Mohan E Syam, Sunitha R
Department of Computer Science, School of Engineering and Technology, Pondicherry University, Puducherry, India.
Data Brief. 2023 Jul 26;50:109452. doi: 10.1016/j.dib.2023.109452. eCollection 2023 Oct.
Regional languages are being used more frequently in online platforms as a result of the expanding use of digital technology. Understanding user opinions on social media platforms, forums, blogs, and other digital platforms that employ Indian regional languages has become significant due to their role in various applications. Research on sentiment analysis of Indian regional language texts suffers due to the unavailability of available regional language datasets. The curated Malayalam Aspect Based Sentiment Analysis (MABSA) dataset is a labeled dataset for Aspect Based Sentiment Analysis (ABSA) on the Indian regional language Malayalam over the movie review domain. Malayalam movie reviews, an excellent source of text data for ABSA, are collected from an online survey using Google form and manually collecting reviews from three social media platforms: IMDb, Facebook, and YouTube. Nine target aspects were identified, and three annotators annotated the dataset based on the sentiment polarity of each aspect. A total of 4000 reviews were collected, and a total of 7507 aspects are identified in the reviews. Spearman's correlation and Fleiss Kappa Index are used to analyze the annotated dataset's correlation. It has been found that the high correlation between the annotators implies that the MABSA dataset is of gold standard.
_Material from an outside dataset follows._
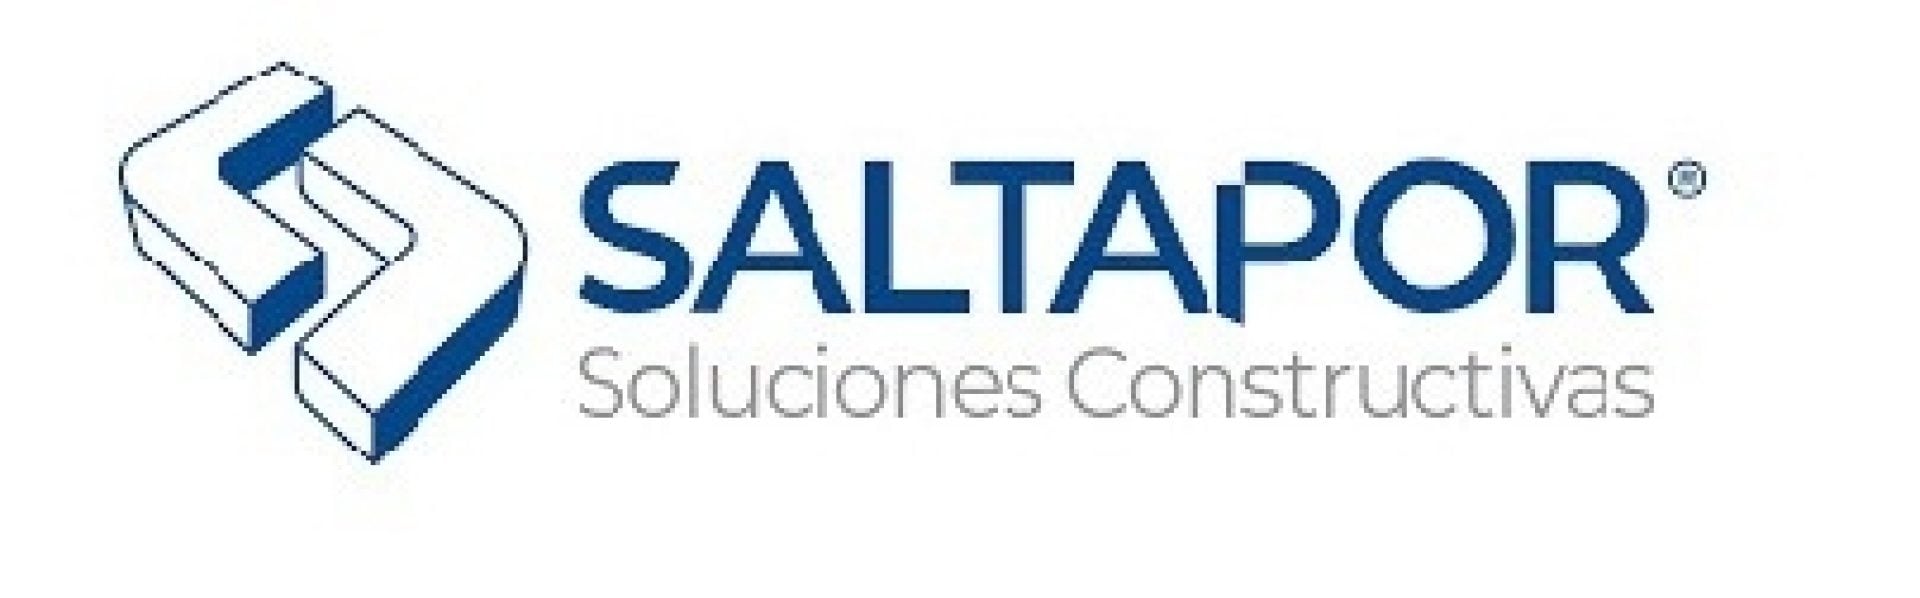 SALTAPOR  - Distribuidor Hilti en Argentina

由于数字技术的广泛应用,地区语言在在线平台上的使用频率越来越高。鉴于印度地区语言在各种应用中的作用,了解用户在使用印度地区语言的社交媒体平台、论坛、博客及其他数字平台上的意见变得至关重要。由于缺乏可用的地区语言数据集,对印度地区语言文本的情感分析研究受到了阻碍。精心策划的马拉雅拉姆语基于方面的情感分析(MABSA)数据集是一个标记数据集,用于在电影评论领域对印度地区语言马拉雅拉姆语进行基于方面的情感分析(ABSA)。马拉雅拉姆语电影评论是ABSA的优秀文本数据来源,通过使用谷歌表单进行在线调查,并从IMDb、Facebook和YouTube这三个社交媒体平台手动收集评论来获取。确定了九个目标方面,三位注释者根据每个方面的情感极性对数据集进行注释。总共收集了4000条评论,评论中总共识别出7507个方面。使用斯皮尔曼相关性和弗赖斯kappa指数来分析注释数据集的相关性。研究发现,注释者之间的高度相关性意味着MABSA数据集具有黄金标准。